4) 100 parts by weight, 15 parts by weight of the phosphoric acid compound shown in Table 1, and a radical polymerization initiator ("Perhexin 25B" manufactured by NOF Corporation, component: 2,5-dimethyl-2,5-dibutyl-peroxyhexine) 1 part by weight of tert-butyl peroxide) was supplied to a Labo Plastomill at 180 ° C. in this order, melted and kneaded, and subsequently kneaded at 180 ° C. for 4 minutes to carry out a graft reaction to obtain a flame-retardant polyethylene-based resin. A resin was obtained.

(Comparative Examples 1 to 5) A flame-retardant polyethylene resin was obtained in the same manner as in Examples 1 to 5, except that no radical polymerization initiator was used.

(Comparative Example 6) Reference [M. Banks et
al. , Polymer, 34, 4547 (199).
3) According to the method described in [3], a flame-retardant polyethylene resin was obtained by grafting a phosphonyl group with phosphorus trichloride (manufactured by Wako Pure Chemical Industries, Ltd.). The amount of phosphorus trichloride was as shown in Table 1.
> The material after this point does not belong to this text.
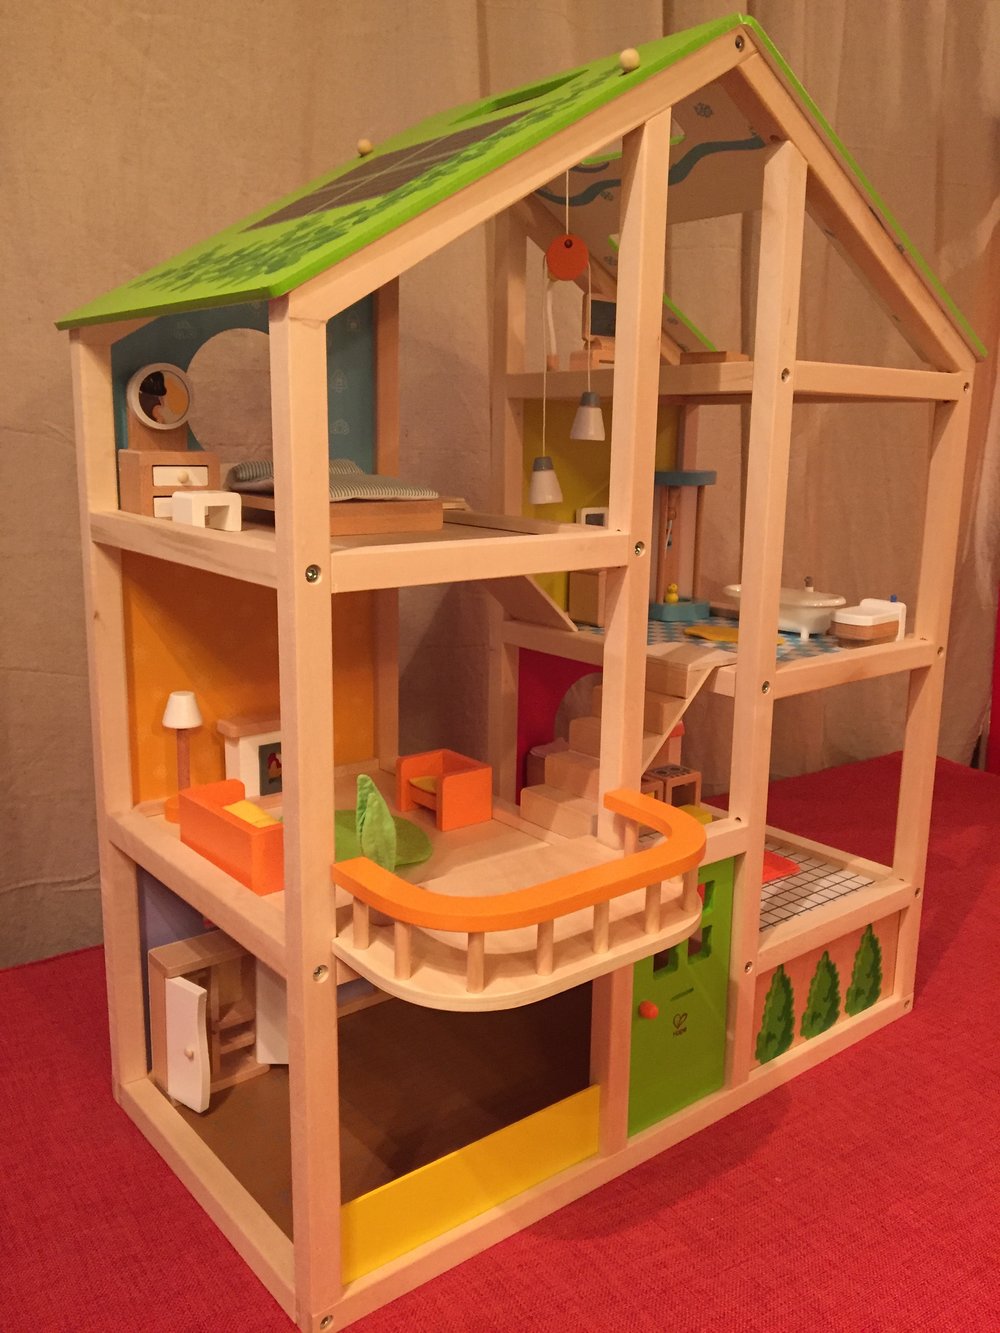 All Seasons Kids Wooden Dollhouse by Hape | Award Winning 3 Story Dolls  House Toy with Furniture, Accessories, Movable Stairs and Reversible Season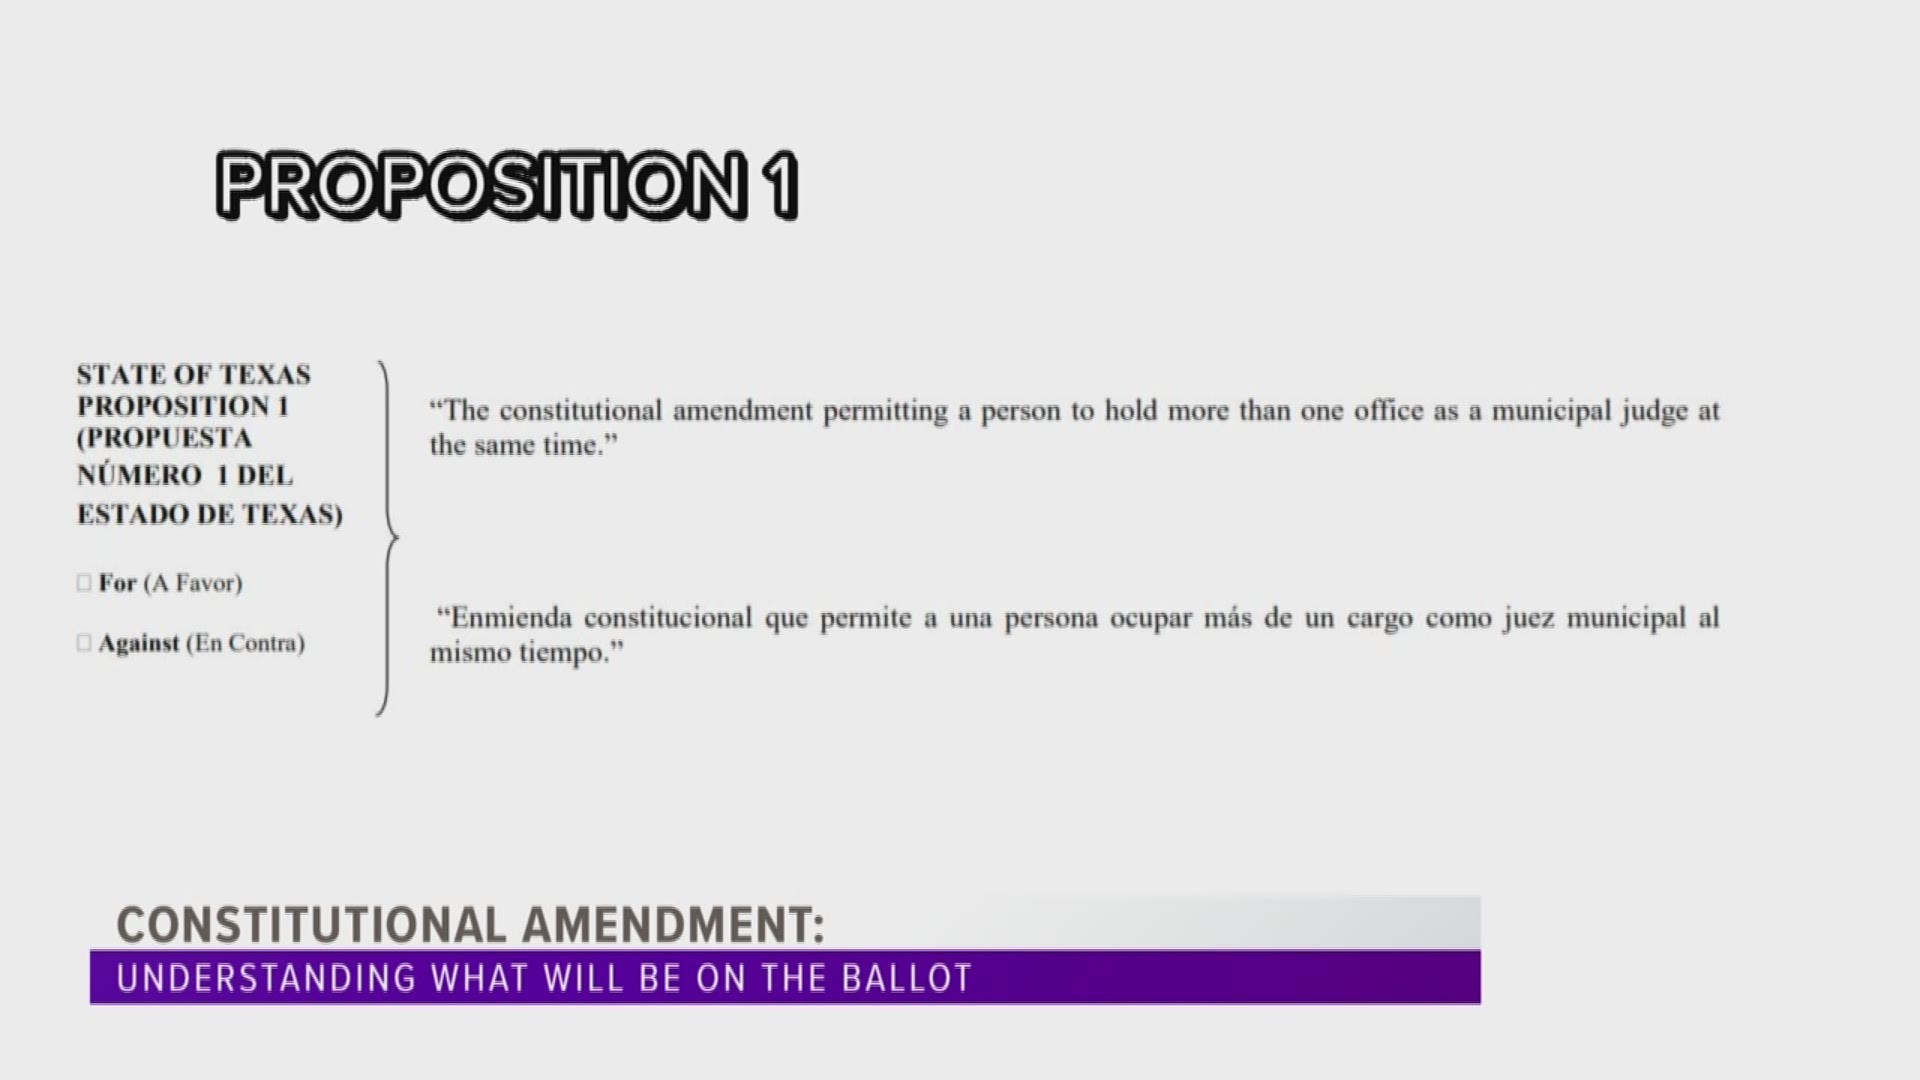 Understanding what the proposed Constitutional Amendments are on the

The flame-retardant polyethylene resins obtained in the above Examples and Comparative Examples were melt-compressed at 180 ° C. to produce plate-like products. From the obtained plate-like material, JIS K72
According to No. 01, the oxygen index of a test piece A-1 (length 150 mm, width 6.5 mm, thickness 3 mm) was measured. ×, shown in Table 1.

[0039]

[Table 1]

In the table, the amount of the phosphoric acid compound introduced is the number of units of the phosphoric acid compound which has been graft-reacted with respect to one unit of the monomer unit constituting the polyethylene resin.

When Examples 1 to 5 and Comparative Examples 1 to 5 are compared, a phosphoric acid compound is graft-reacted.
It can be seen that excellent flame retardancy is provided. When Examples 1 to 5 and Comparative Example 6 were compared, all of the Examples were excellent in flame retardancy, and the method of the present invention was more effective than the method of Comparative Example 6 in which a phosphonyl group was graft-reacted. Can be increased, so that it is presumed that a more excellent flame retardant effect is given.

[0042]

The polyolefin resin of the present invention has the above-mentioned structure, has excellent flame retardancy, and can be easily produced without generating a halogen-based gas at the time of combustion or molding. It can be used for a wide range of applications requiring flame retardancy.

Claims (3)

[Claims] 1. A flame-retardant polyolefin-based resin obtained by grafting 0.01 to 1 unit of a phosphoric acid-based compound having a carbon-carbon double bond to 1 unit of a monomer unit constituting the polyolefin-based resin. 2. The method according to claim 1, wherein the phosphoric acid compound is at least one compound selected from a phosphoric acid ester, a phosphonic acid derivative, a phosphonic acid ester, a phosphinic acid derivative, a phosphinic acid ester, and a phosphite ester. The flame-retardant polyolefin resin according to claim 1. 3. The phosphoric acid compound is vinylphosphonic acid, vinylphosphonic acid diethyl ester, 2-acryloyloxyethylphosphonic acid, 2-methacryloxyethylphosphonic acid, and bis (2-methacryloxyethyl). The flame-retardant polyolefin-based resin according to claim 1, which is at least one compound selected from phosphonic acids.